At 3 and a half weeks postpartum and as I begin to move beyond the bubble of new baby bliss, reality is setting in. Most of my non maternity clothes display quite clearly where my nearly 10 lb baby was not too long ago. And sure, that makes sense. And truly, I am in awe of my body, of the female form and how incredibly wise it is, how it has already, on its’ own begun to resume to its former shape. Though, I hesitate in even saying "resume" as to imply there is a going back, or a returning to. I am, and my body after all, are changed.
And while I can admit that this is definitely not how I want to look long term, some sadness surfaced when thinking about letting this rendering of me go.

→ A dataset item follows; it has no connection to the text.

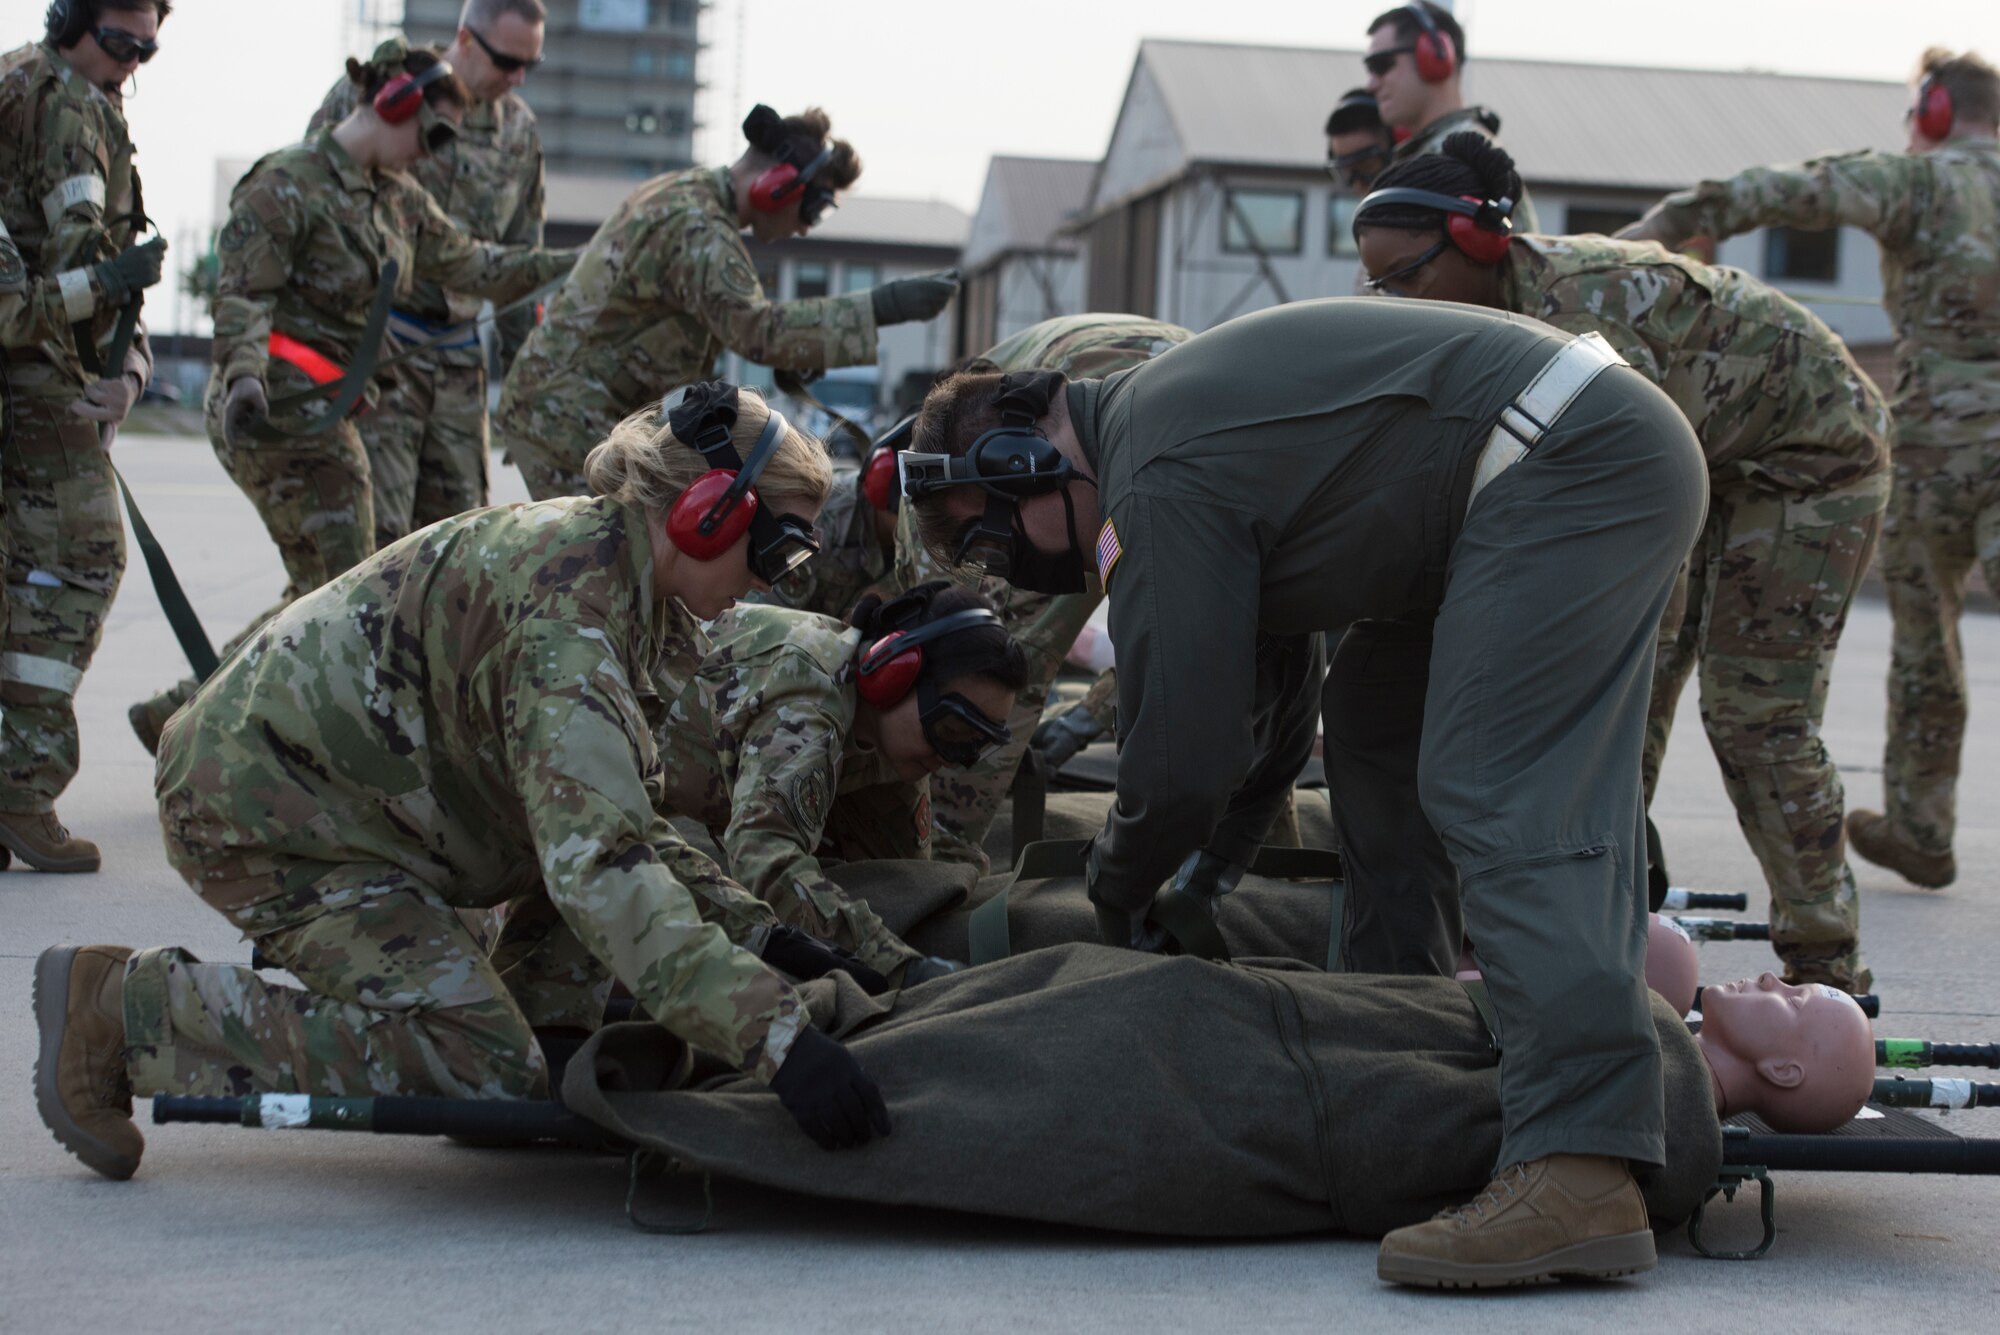 Airmen secure simulated victims to stretchers.
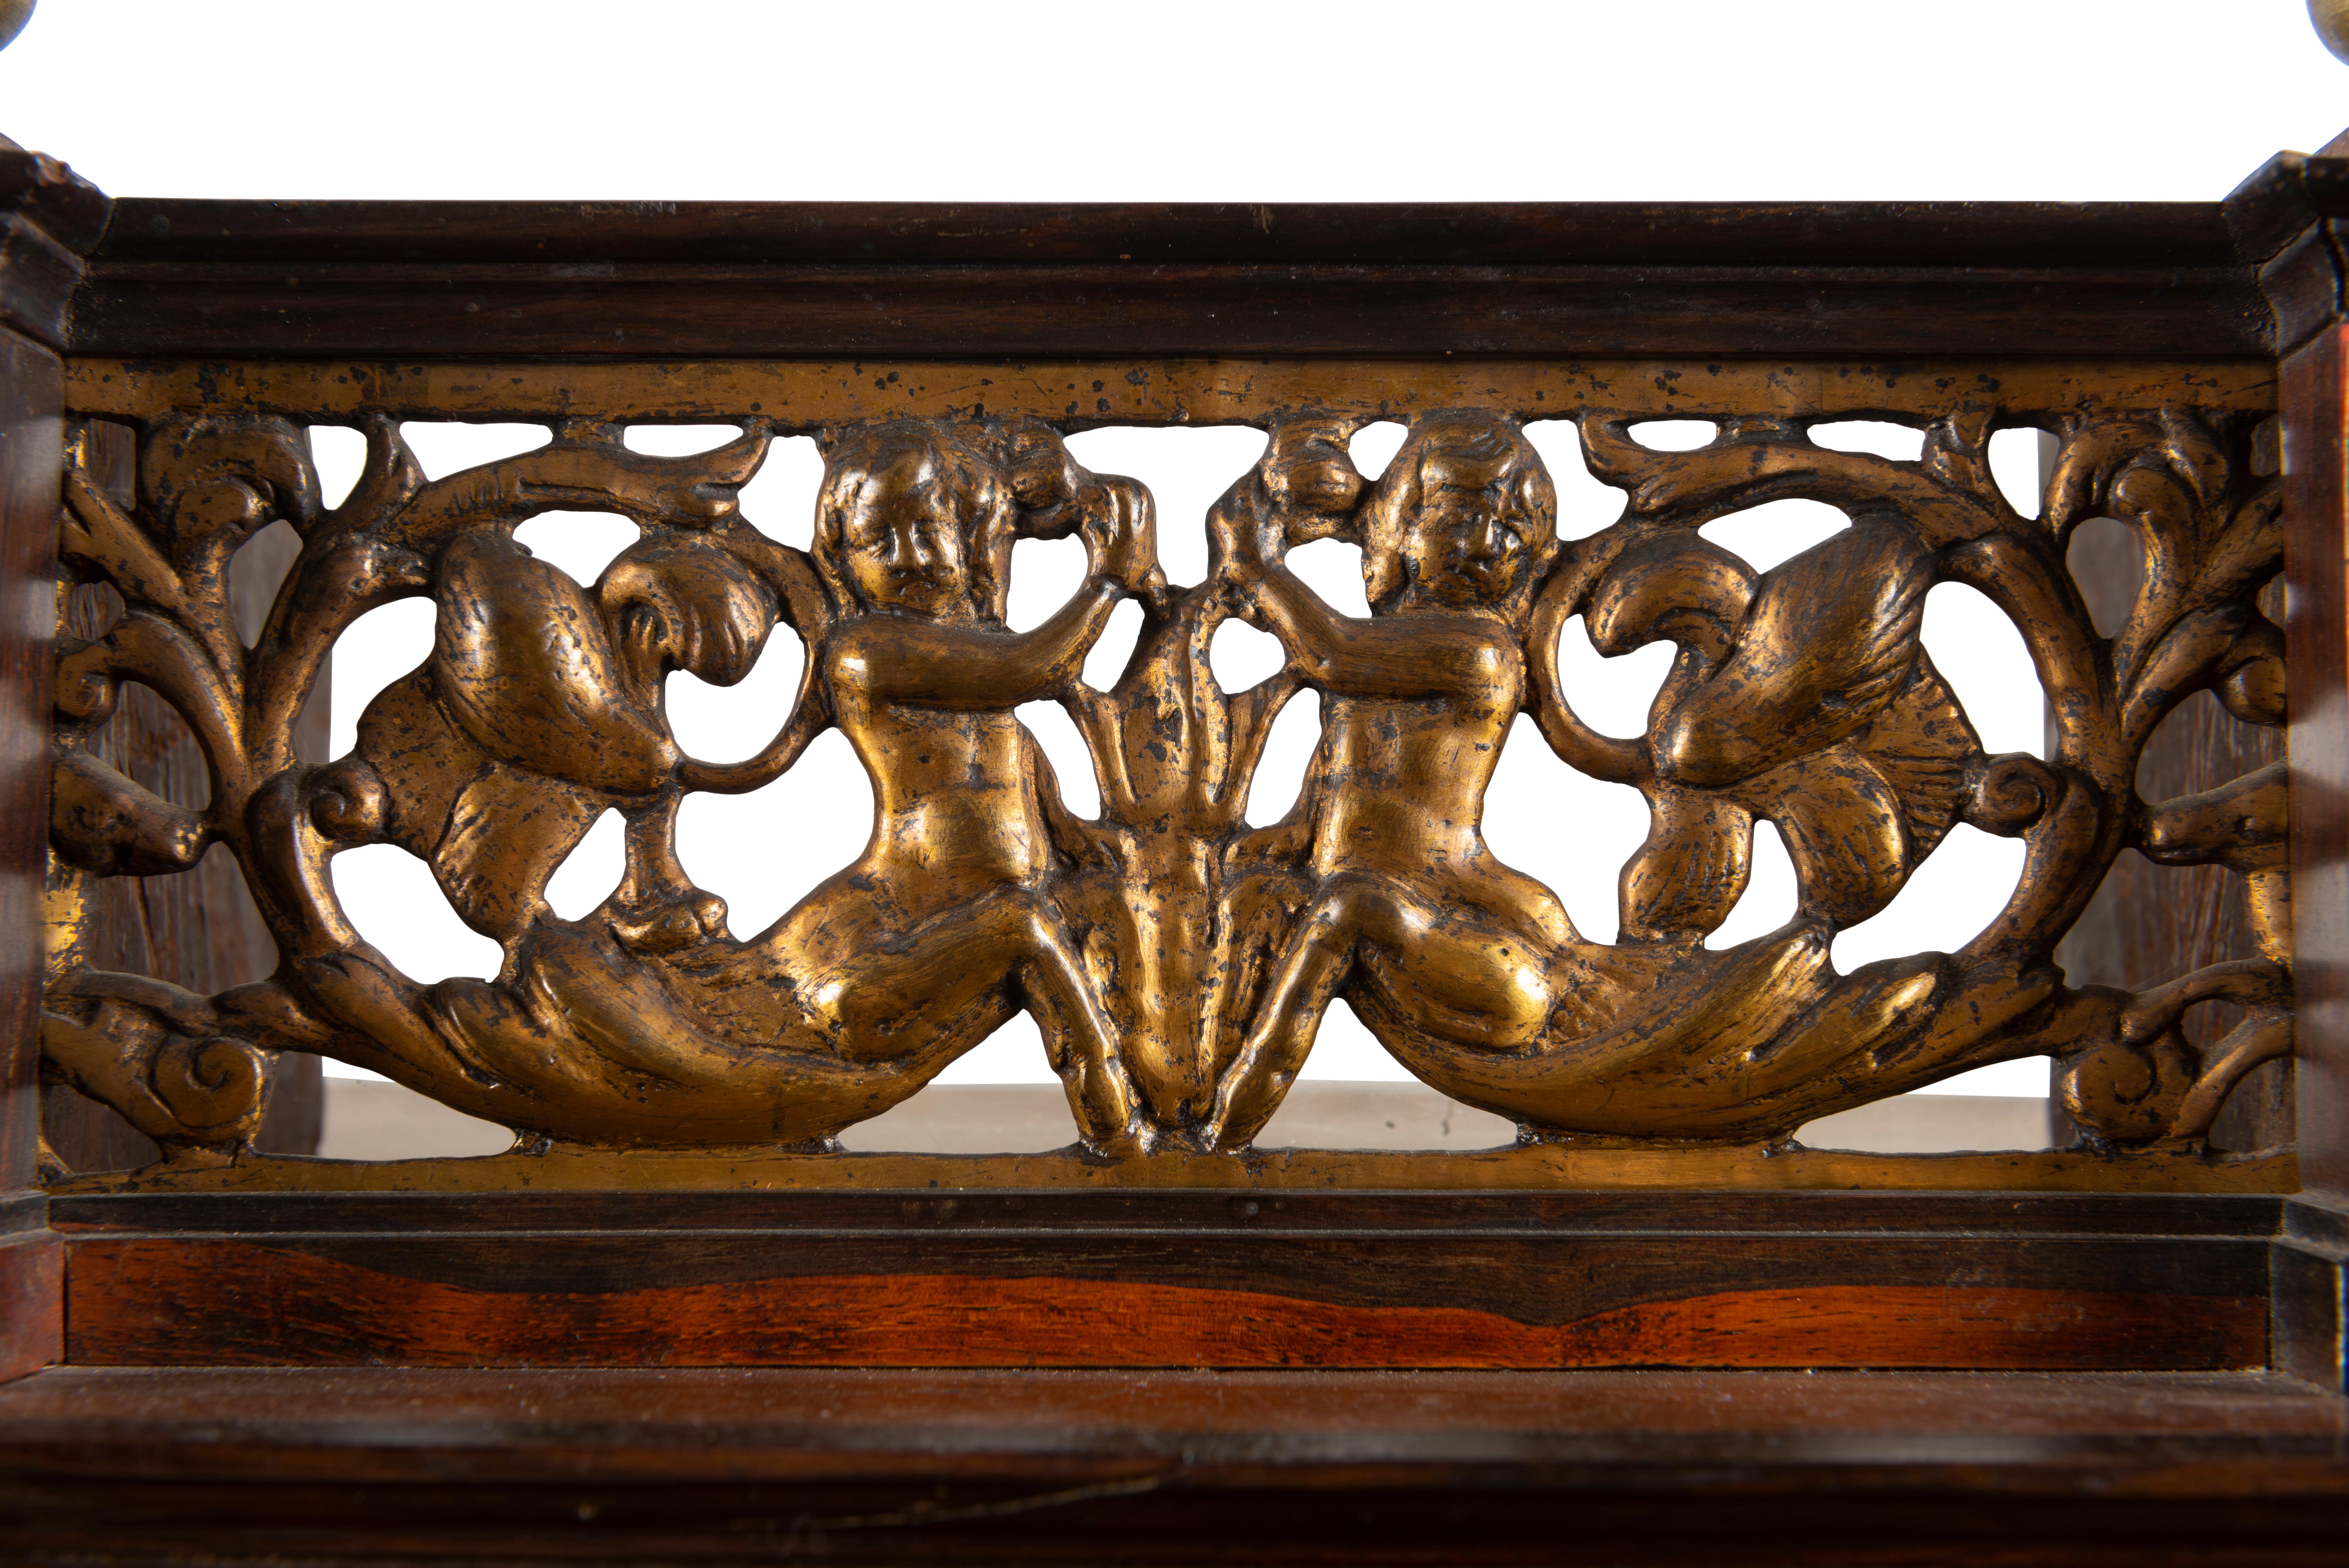 Baroque An Austro-Hungarian Late 17th-Early 18th Century Palisander Cabinet on Stand For Sale

My body, in its plump and relaxed state, stands as a reminder of the home it was to my babe, which offered comfort as we eased into a new phase of life, no longer physically entwined but still very much existing together.
The postpartum period is sacred. While popular culture may have us believing otherwise, it is not something we need to be rushing out of. Just as I worked to nurture and care for myself to prepare for birth, it has been equally important for me to go easy on myself in these weeks that have followed and give myself time to say thank you to my body and honor all that it has been through before placing any extreme demands on it. For I know deep down (even as I currently grow more and more uncomfortable with the way I am “wearing” the past 10 months) that my body is something to be awed and appreciated not hurried and criticized.
So I write this and post this picture with some hesitation in that I do not want to create any felt sense of competition within myself nor within anyone else, but to simply document where I am starting from as I make my way back into a hopeful and fairly regular yoga practice. . Perhaps other things will be included in this journey, but for now, it is just me, my yoga mat and my intention to love myself through it.